A Spectacular Cave in Eastern Cuba

Near the City of Mayari, Holguin 

By Osmel Ramirez Alvarez

HAVANA TIMES — Just 5 kms away from Mayari’s city center, you can find Seboruco Cave, a truly unique place in our local region. It has been declared a National Monument not just because of the general allure these unique structures create, resembling “homes” made by Nature, but also because of the idyllic landscape which surrounds it and the myths and legends of this place.

Antonio Nunez Jimenez reached this place in 1948 on one of his speleological expeditions and he discovered the oldest remains of native peoples in Cuba and the Caribbean islands (over 6,000 years old). Other remains were discovered recently in Matanzas province, which appear to be older, but this has yet to be confirmed. At Mayari’s municipal musuem, you can find some of the objects he discovered.

The cave itself is made up of several caverns in the vertical side of a mountain which is split by a riverbed, which currently runs underground in front of the mountain, but its riverbed is completely covered in round stones due to a strong current in the past. This is why it is officially called the Outcrops of Seboruco. You can find the river 200 meters away, downstream; and at the same distance upstream, the river appears with crystal clear water like you’ve never seen before.
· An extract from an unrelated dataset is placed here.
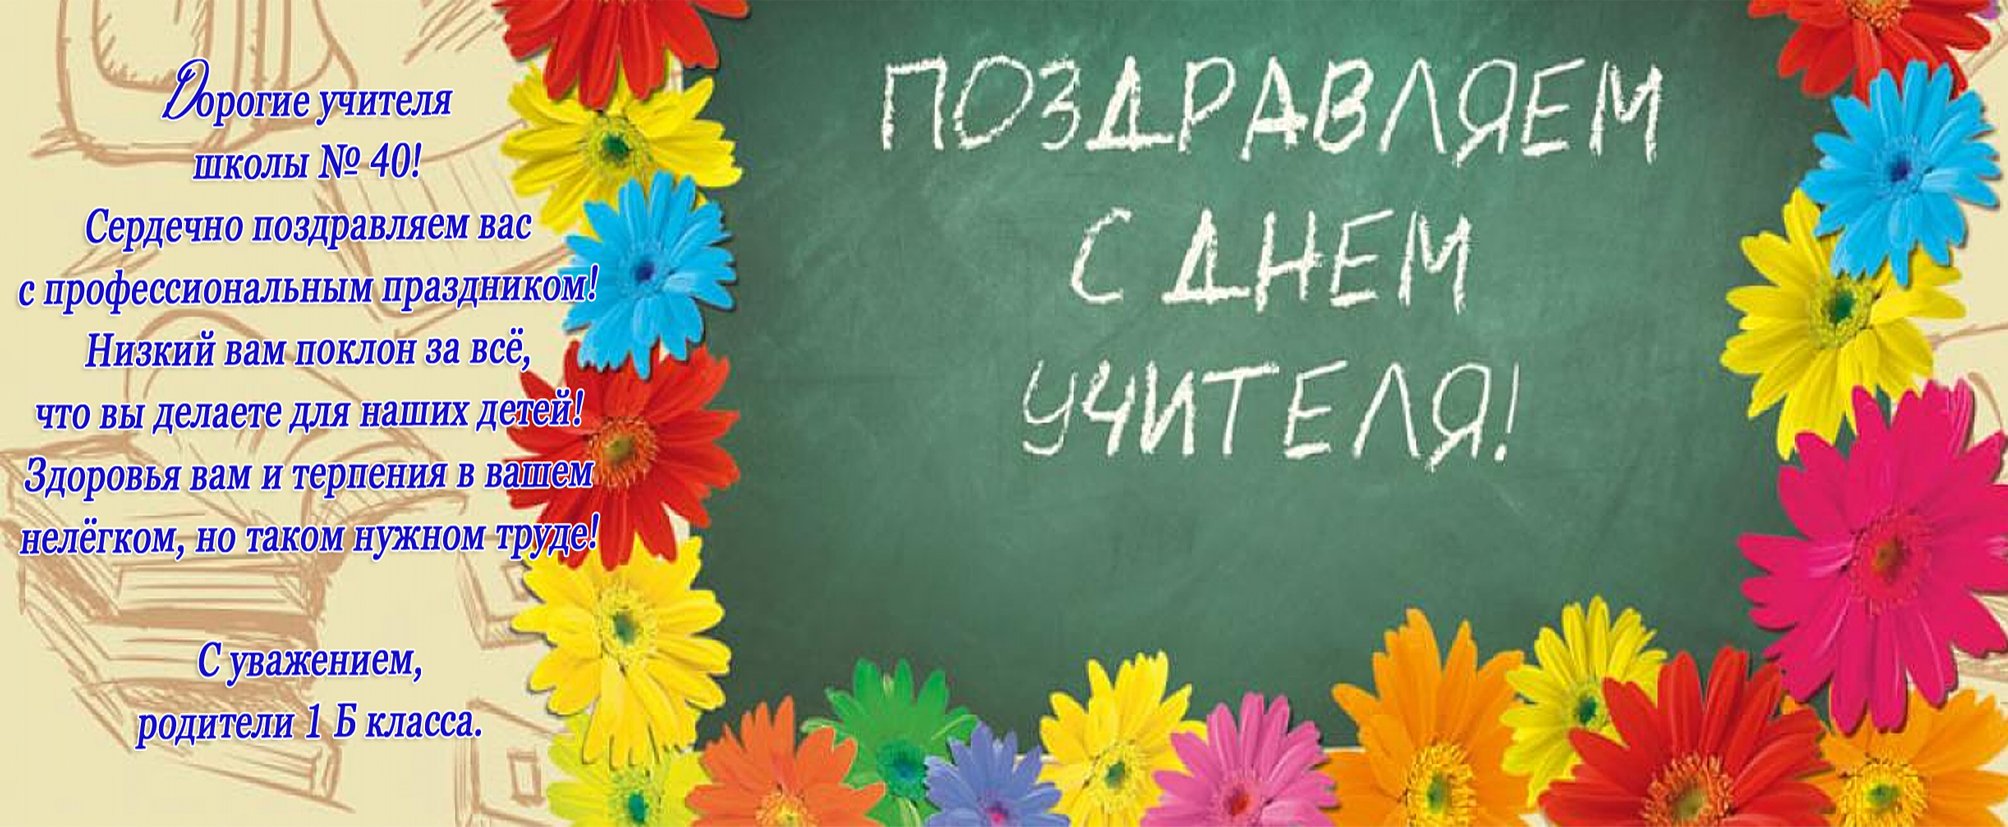 Фото Поздравление учителю казахского языка #25

These mountains are the first foothills which emerge like tongues out of Mayari’s valley and they rise up towards the Nipe mountain range, where the Pinares de Mayari tableau stands out. The cave’s different entrances are interconnected by narrow and damp tunnels, which travel downwards to reach a water reservoir belonging to the underground river. Only three of the entrances are at an accessible level and two are only reachable by dangerously climbing at a height above 10 meters. From a distance, they look like balconies of a large, unusual building.

They initially open up into large rooms which connect to each other and this is where outdoors people have been coming for a long time. This is demonstrated by a campaign slogan on its walls, a trace of Ramon Grau San Martin’s presidential campaign in the late 1940s. However, writings on the cave’s walls are normally memories people have left behind and names of lovers in hearts, written in chalk, which damage the pictographic remains of Cuba’s native peoples.
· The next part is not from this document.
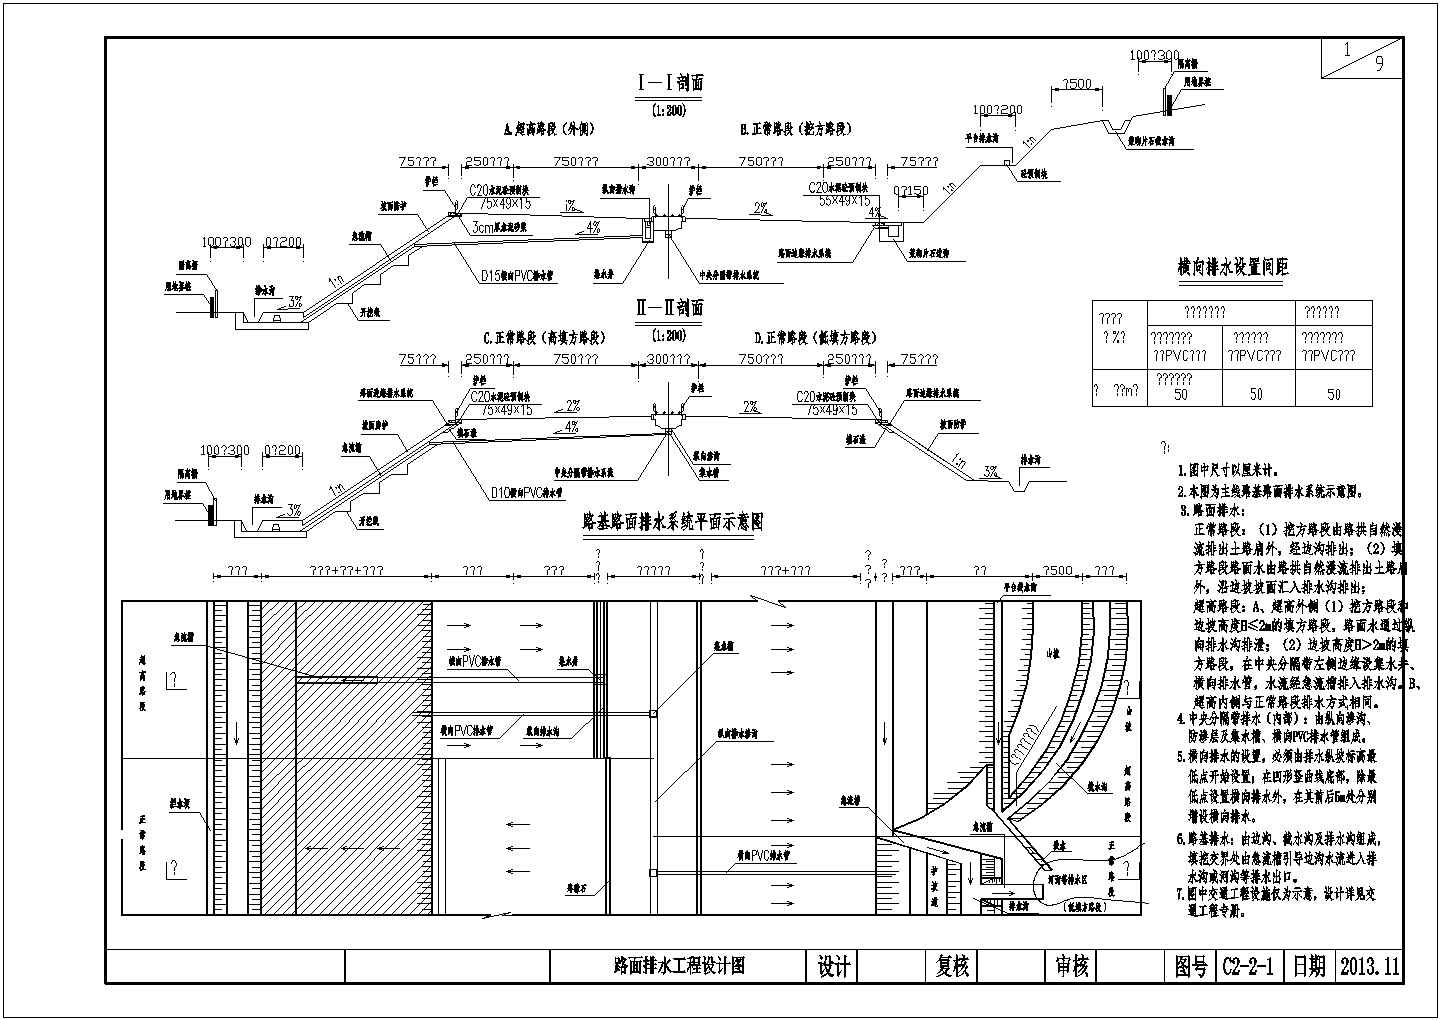 【贵州】双向四车道高速公路路基路面排水设计图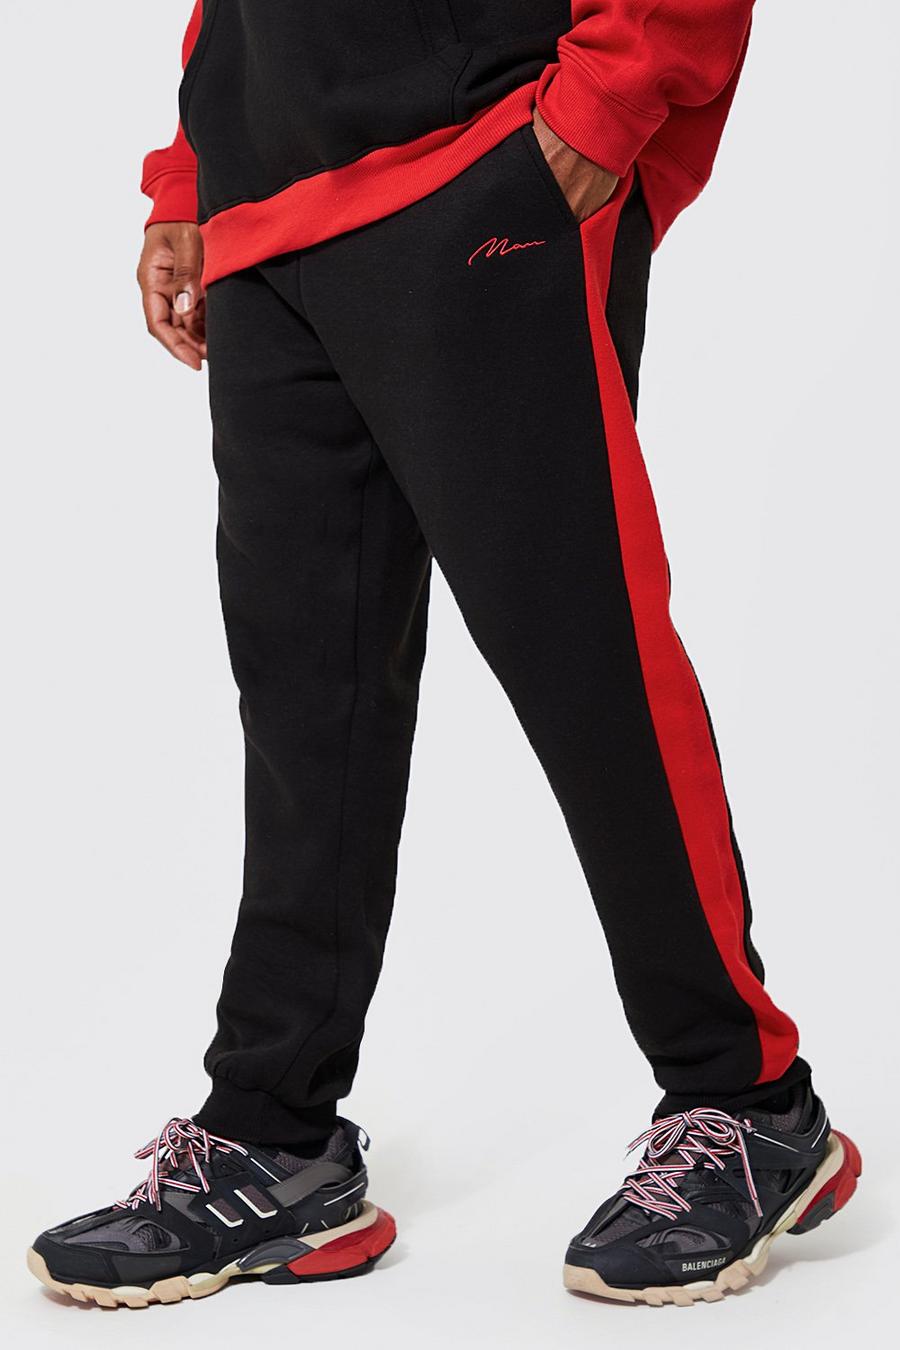 Pantaloni tuta Plus Size con pannelli stretti e scritta Man, Black nero

When Hurricane Flora swept through in October 1961, Mayari Valley flooded like never before and Seboruco cave served as a refuge for dozens of rural families in the region. Their homes were converted into a huge lake for several days and they were able to save themselves thanks to the powerful rock wall higher than the valley and with natural spaces for humans to take shelter.
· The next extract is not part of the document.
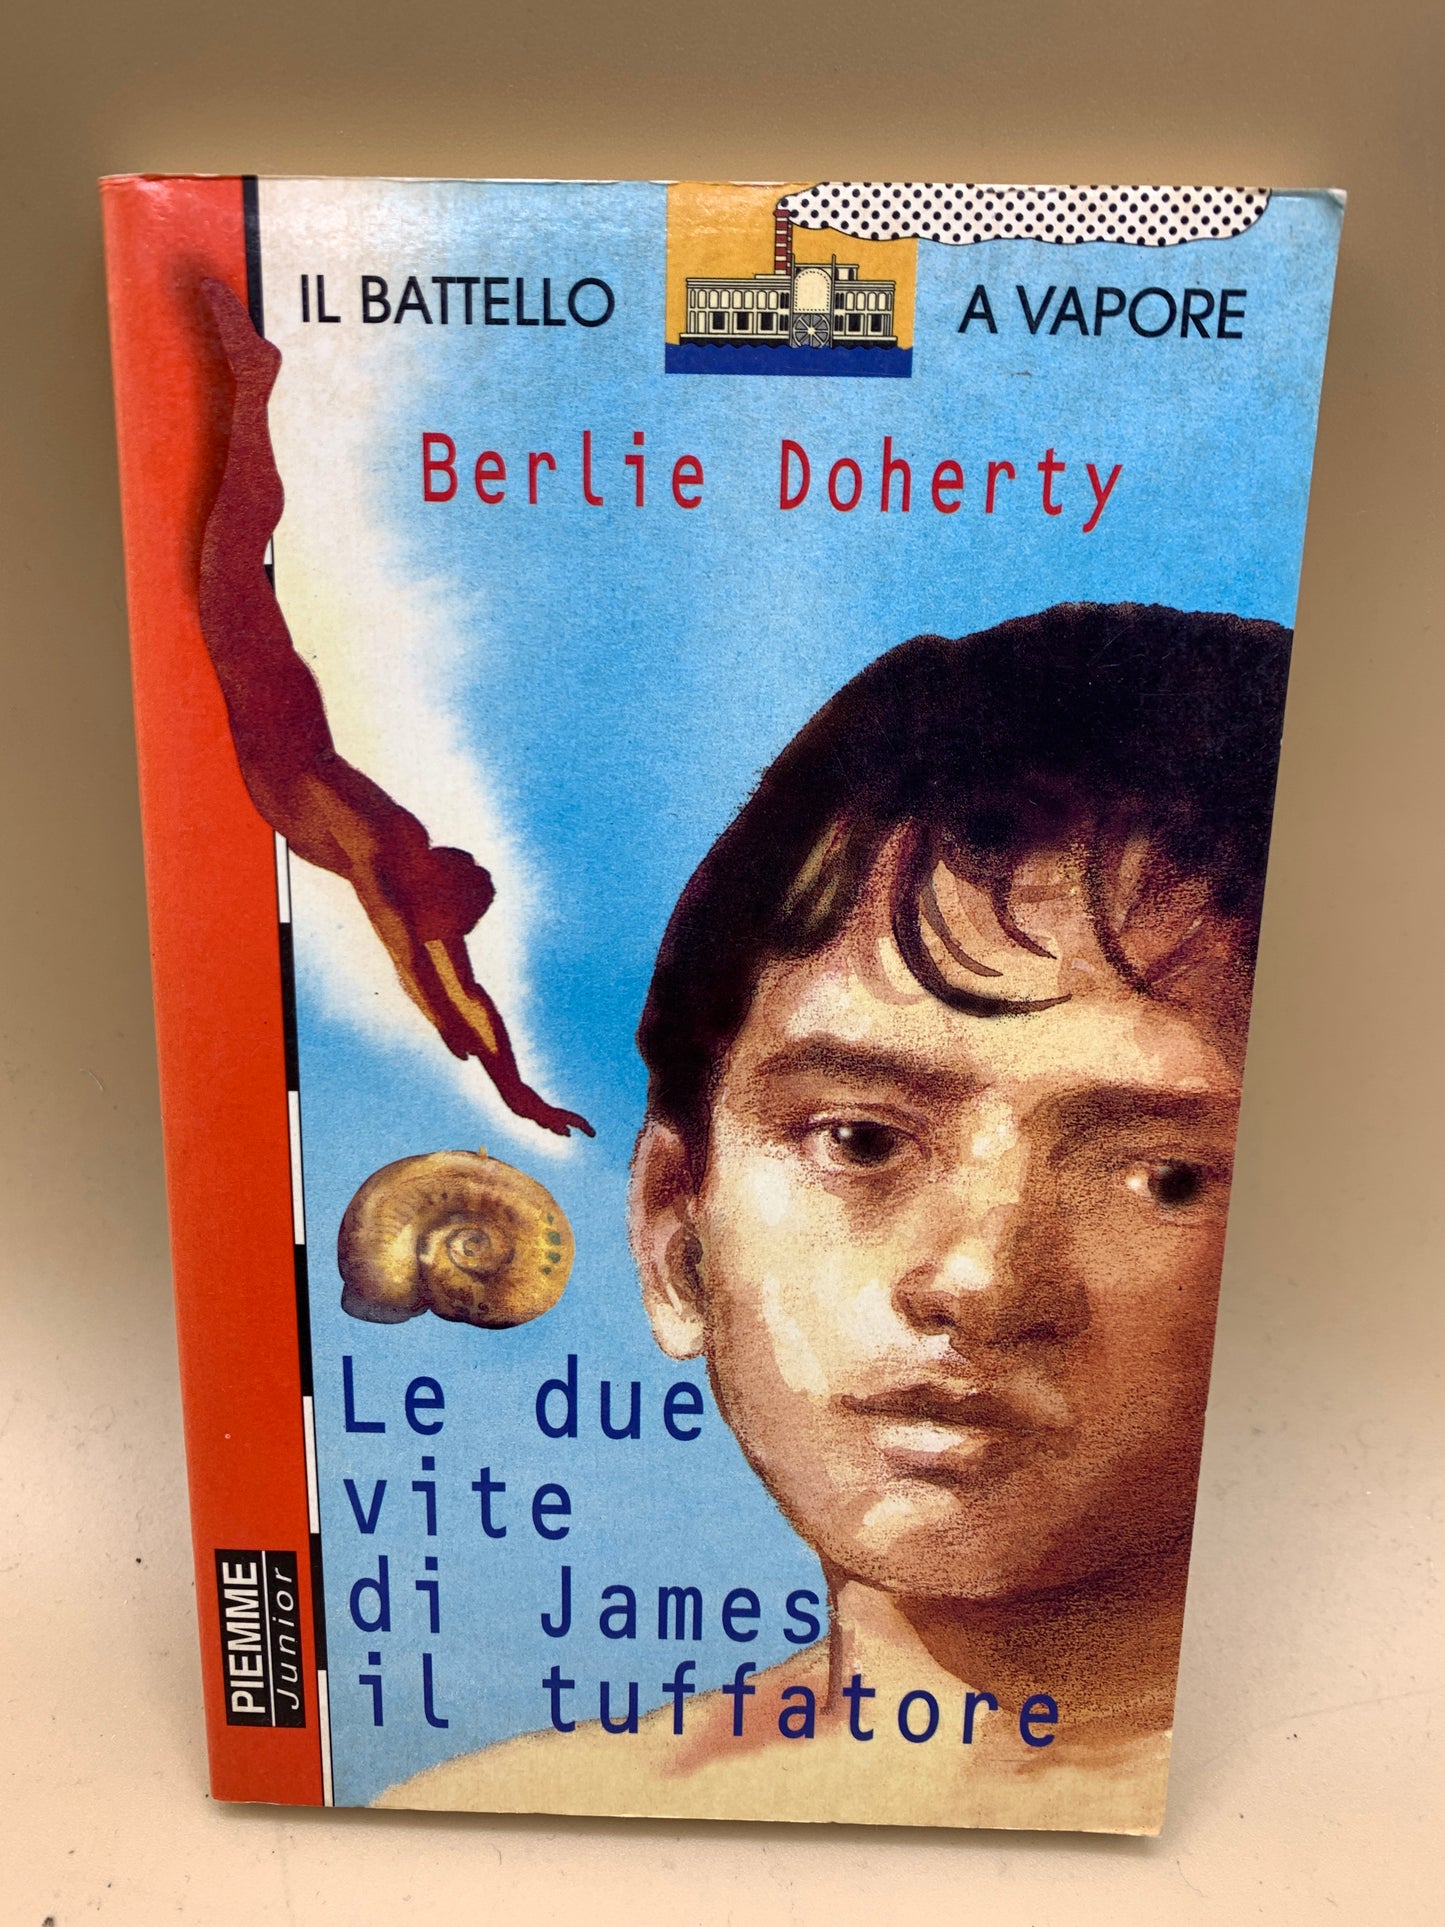 Il battello a vapore - la due vite di James il tuffatore - Berlie Doherty

Today, family trips, school excursions and young people in general come very often in the summer, combining the cave experience with a swim in its river, known as Seboruquito. Many tourist packages promoted by the self-employed also include a trip in old US Jeep 4x4s, as an alternative to promote their own rental homes.

Less people visit between October and April and that’s when thieves come to use it to hide animals they’ve stolen to sacrifice or to ask their owners for ransom money. Authorities have clearly neglected the cave and greater control and surveillance of such an important place like this one is much-needed.

Delinquents aren’t the only ones causing harm, campers are too, finding themselves free to do whatever they want in this Eden without an owner and the landscape has been visibly affected on more than one occasion. They cut down trees in surrounding areas and make campfires inside the cave which sometimes spread dangerously due to bat guano which builds up on the ground.

The cave and its surroundings are crying out for better protection and use. It’s the perfect place to encourage camping holidays, with facilities for visitors, subject to conservation projects which minimize their negative environmental impact. Cuba’s Academy of Sciences, which has its affiliate in nearby mountains, could develop joint projects in collaboration with this tourism.

Many flora and fauna species, some of which are native such as the Polymita venusta, live around the cave. Their population numbers have dropped as a result of strategic, hydraulic and mining projects nearby, without publicly known (or at least “understood”) environmental regulations being taken into account. Others have yet to be studied.

It is definitely an idyllic place worth visiting and municipal authorities need to care for it better, there’s no doubt about that.